My mother told me my new top simply doesn't look good on me. She'd have done me no good to lie eh. Oh Lesley I love your new top. If it doesn't look good, and you say it does, you are only sending me out in a top that I will look bad in.

A couple of months ago, when my parents were trying to change me with church, I went to a Sunday mass. The homily was about Truth, how truth causes strife and division, but how strive and division are required for us to grow. (Can you see why Church didn't fix me?)

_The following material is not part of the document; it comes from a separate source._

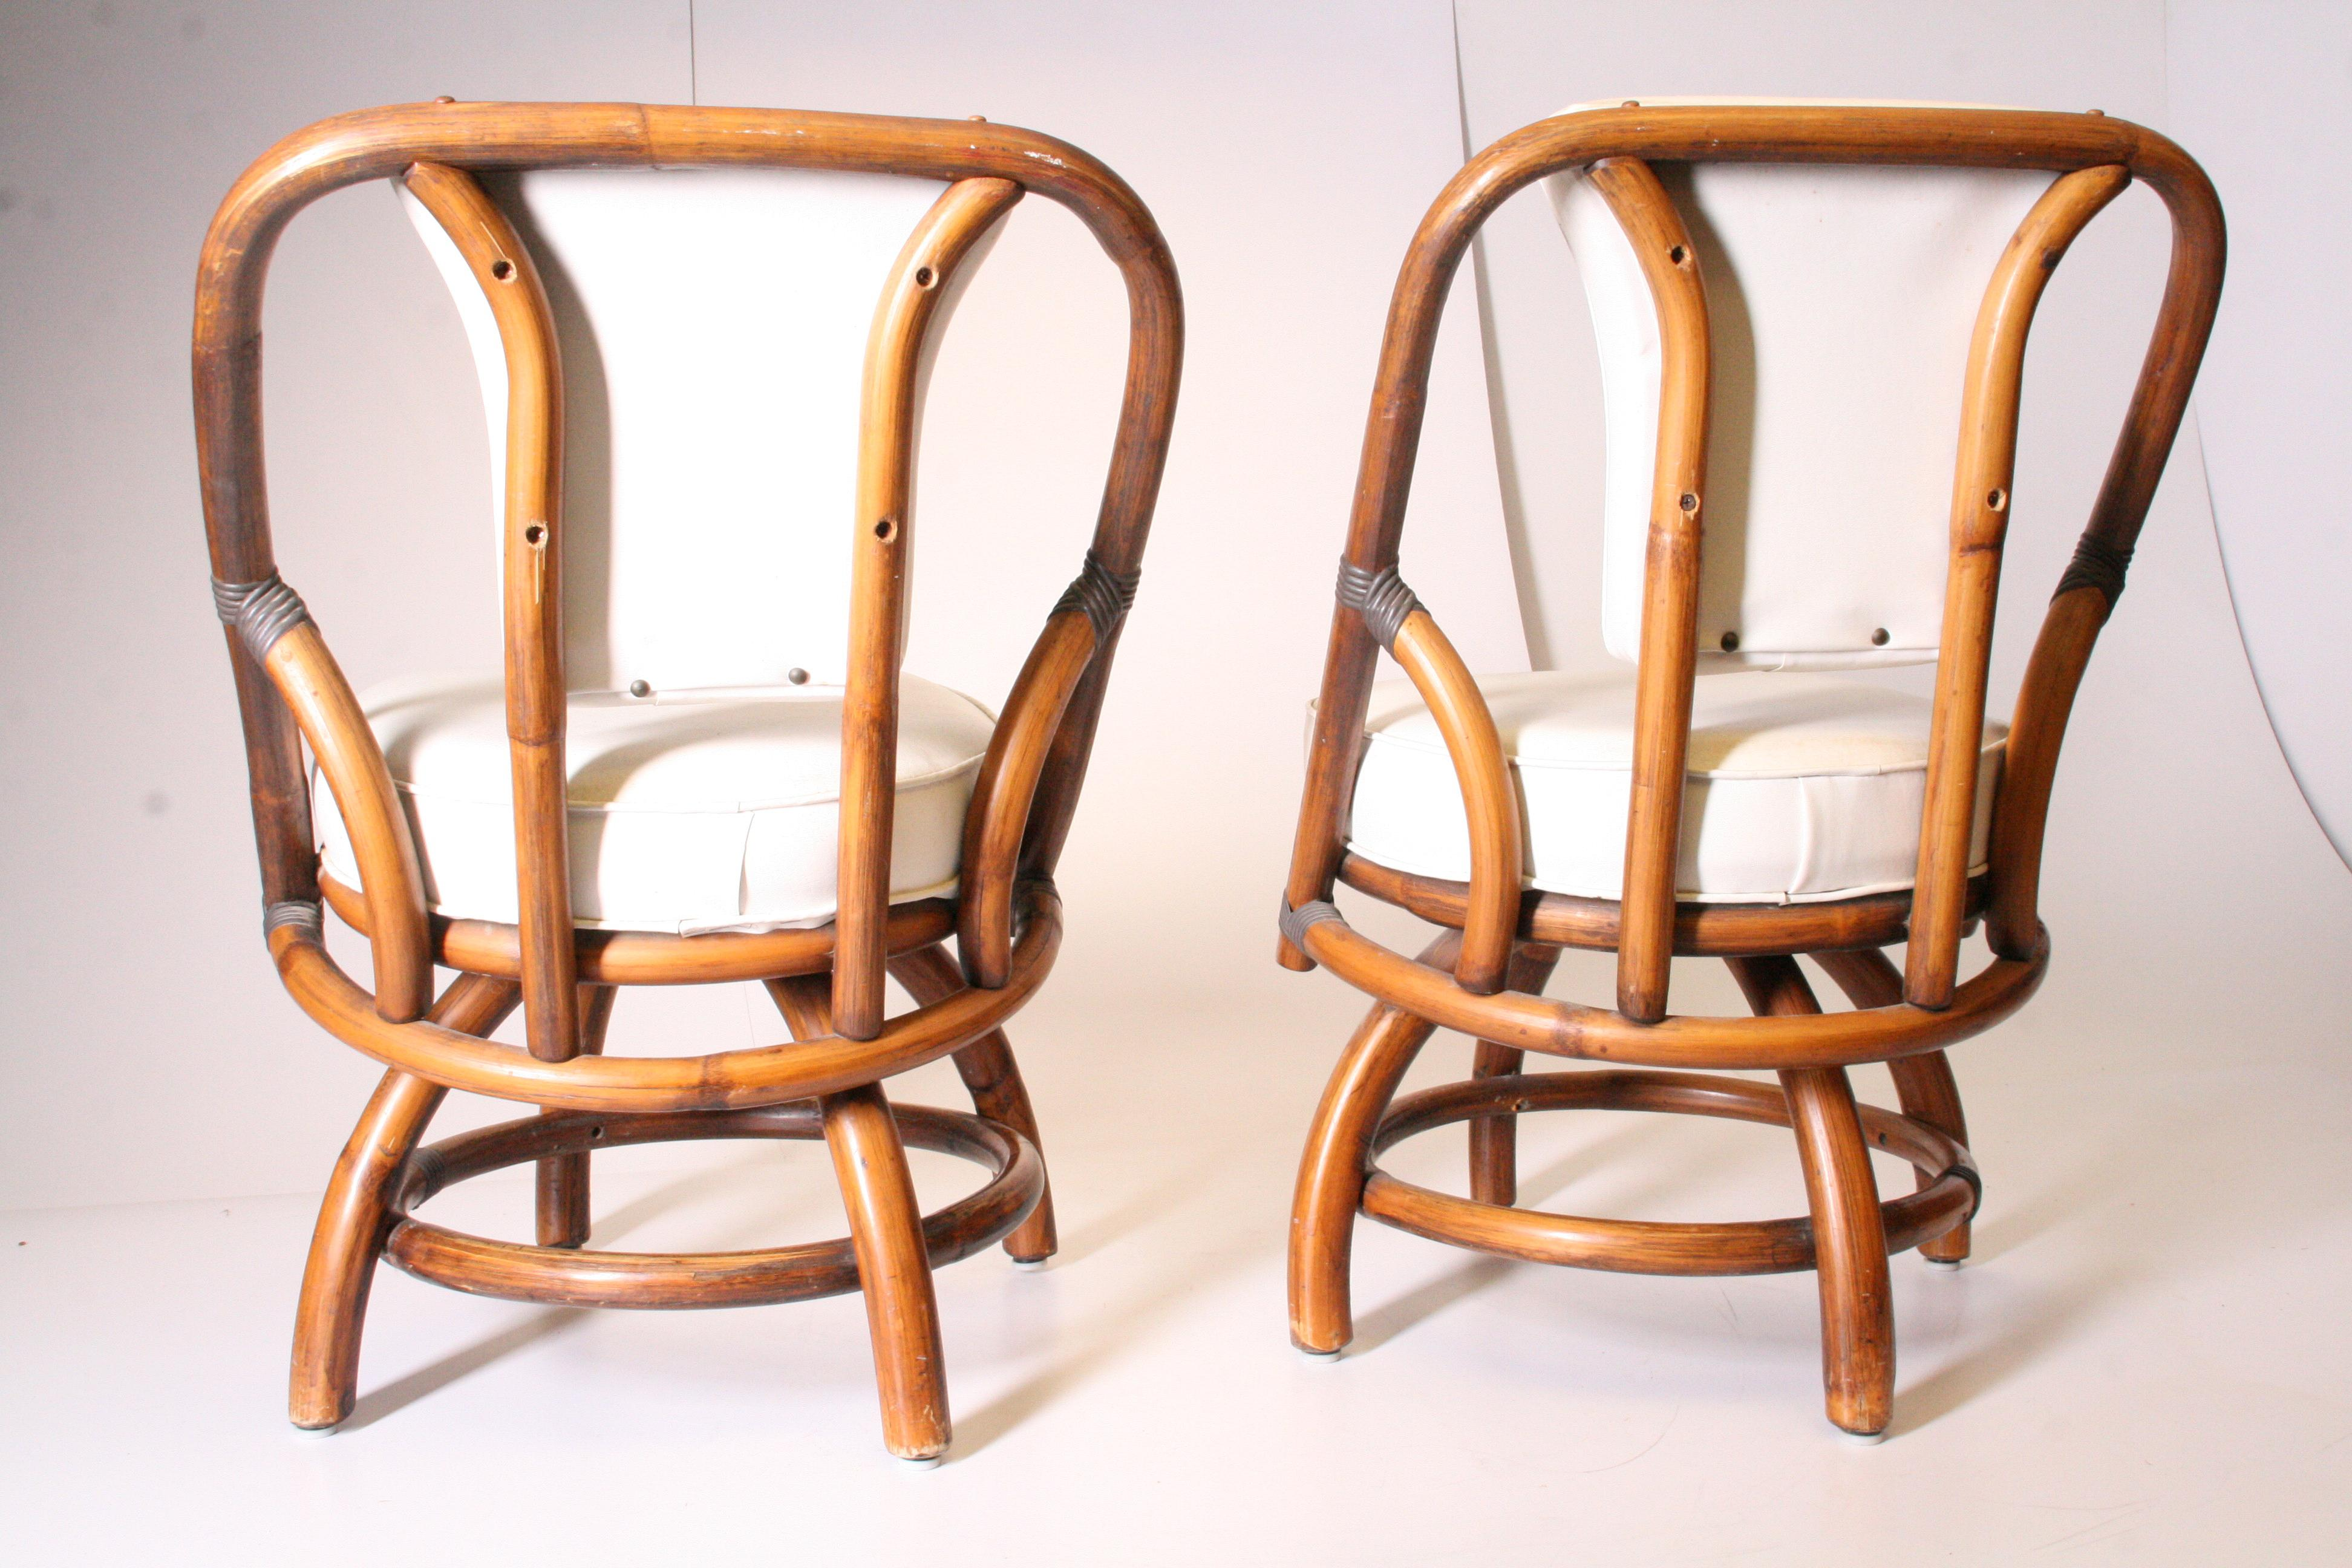 Genial Boho Chic Bamboo U0026 Rattan Swivel Chairs   A Pair   Image 5 Of 11

A lot of us experience this sort of truth and it can be difficult to deal with. Most of us deal out this sort of truth, and it's almost always difficult.

Truth, though, can be easier to handle if it comes with empathy. Some of us have a hard time with that ... especially if we started male and are just learning about our emotions (Tarah raises her hand on this one). The hardest part is not getting into a fight over it - most of what people say are not meant to be mean, but it can turn mean if responded to in that way. I know I've had this problem with my parents, my wife, and others. We say insensitive things because I don't know what's going on in their heads and they really don't understand mine.

IMO, the best way to handle it is to make your issue understood with "I feel" phrases.
Title: Re: Something I feel the need to mention...
Post by: Gina_Z on October 16, 2013, 02:04:39 PM
Quote from: Lesley_Roberta on October 16, 2013, 01:23:34 PM

My mother told me my new top simply doesn't look good on me. She'd have done me no good to lie eh. Oh Lesley I love your new top. If it doesn't look good, and you say it does, you are only sending me out in a top that I will look bad in.